Con Makris to bank $200m from City Cross, North Adelaide Village
South Australia’s wealthiest person, Con Makris, is selling two Adelaide shopping centres.
Via Makris Group, the Greek Australian property developer and investor is expecting about $200 million from the deals.
The listings come five months after the businessman offloaded another retail investment, Newton Village, 11 kilometres north east of the city, for c$35m to Parramatta-based Revelop.
CBRE’s Simon Rooney and James Douglas are representing Mr Makris this time around.
The latest offerings: City Cross and North Adelaide Village
City Cross Shopping Centre is the priciest of the complexes to hit the market.
With frontage to Rundle Mall and Grenfell Street, the latter a white-collar employment hub, it contains 10,512 sqm of lettable area configured with 57 specialty stores and larger spaces for anchor tenants Australia Post, Harvey Norman and Rebel Sport.
It has significant development upside – offices, apartments and tourist accommodation mooted as possibilities for the airspace (story continues below).
“The existing centre services an expansive metropolitan trade area population of over one million, a worker population of 117,600 and a visitor market of over eight million per annum,” Mr Rooney said.

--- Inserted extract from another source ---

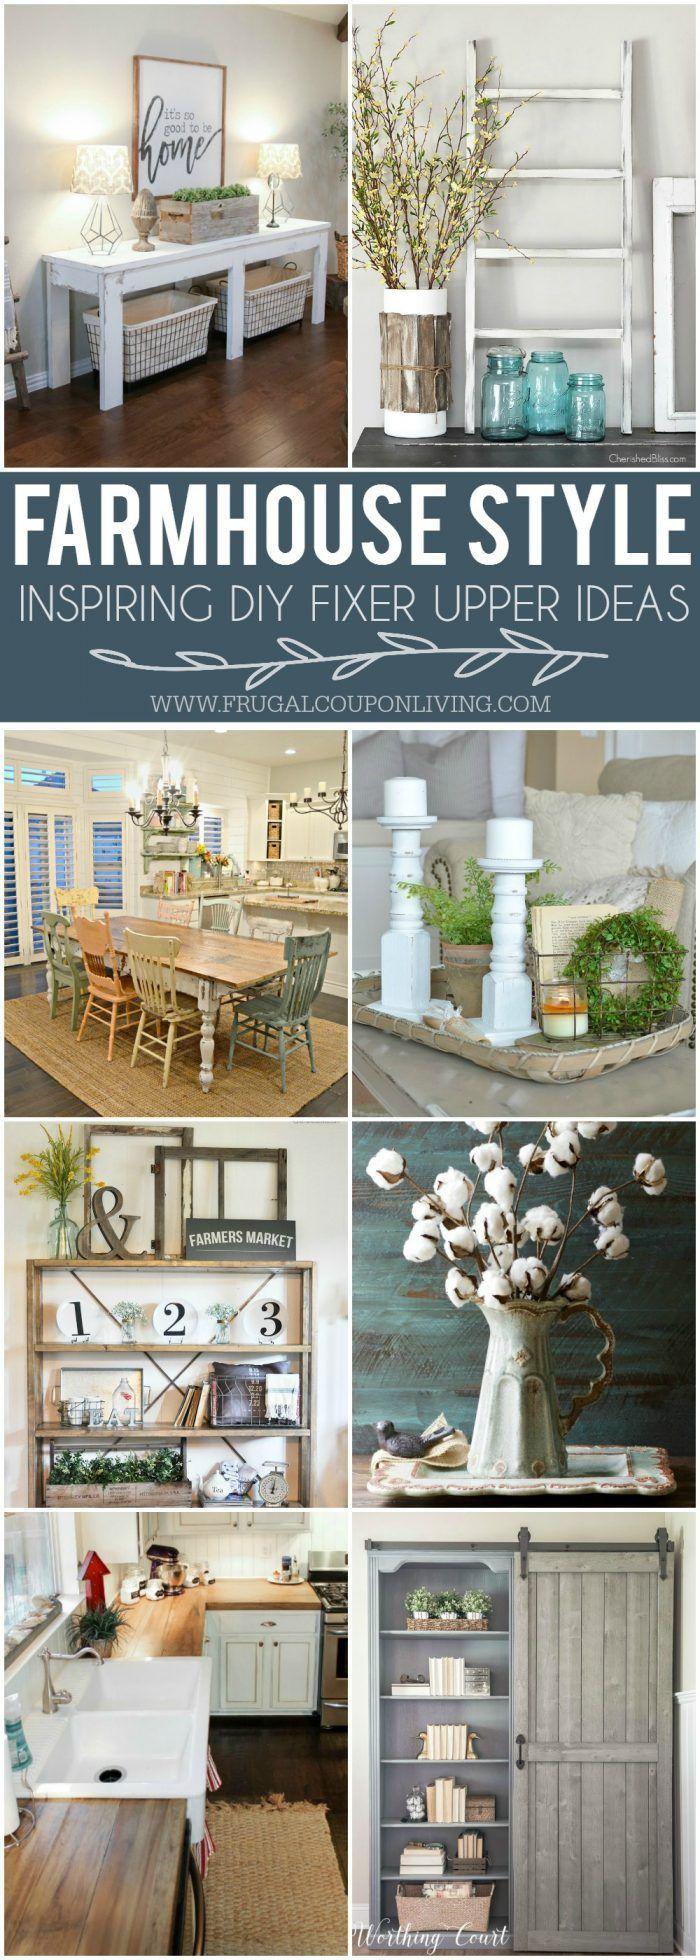 Joanna gaines hallway decor  DIY Fixer Upper Farmhouse Style Ideas  Fixer upper living room
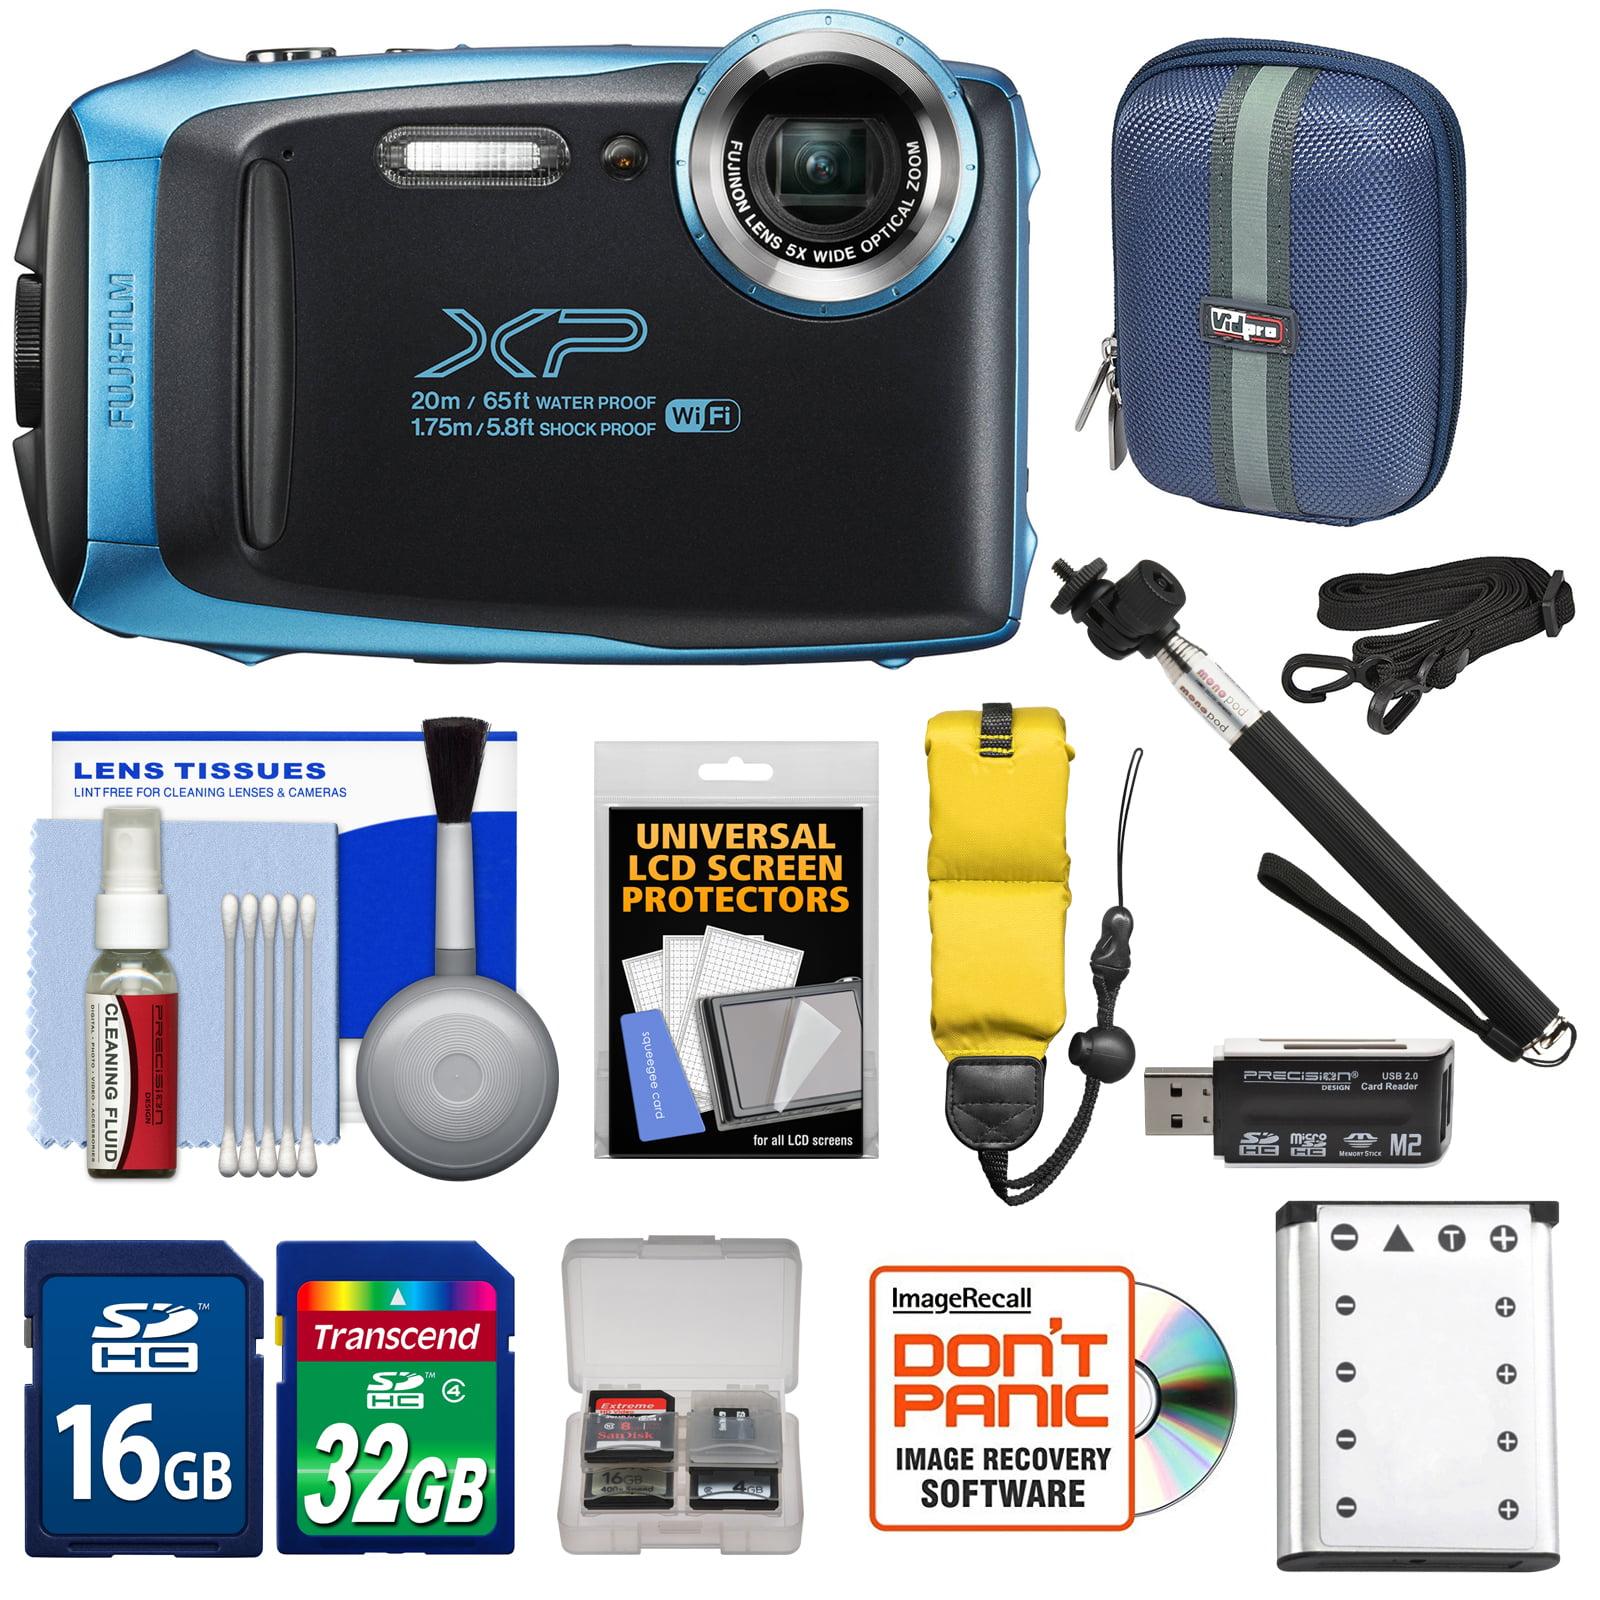 Fujifilm FinePix XP130 Shock & Waterproof Wi-Fi Digital Camera (White) with 32GB Card + Battery + Cases + Float Strap + Selfie Stick + Kit

Makris Group also today listed the North Adelaide Village Shopping Centre, three kilometres away.
In the affluent North Adelaide, 85-87 O’Connell Street is near the redeveloped Adelaide Oval and revitalised Riverbank precinct.
The main trade catchment population here, the marketing agent added, is set to rise 1.4pc pa until 2036, which is close to twice the Adelaide metropolitan average.
“The centre benefits from a diverse tenancy mix and a focus on convenience, lifestyle, service and fresh food,” Mr Rooney said.
“It is anchored by a strong performing Romeo’s Foodland on a…lease until 2033 with a further 25 year option, alongside a Goodlife Gym, 34 specialty tenants and four office[s]”.
North Adelaide Village also has development upside, occupying a corner block which could allow for six-storey structures.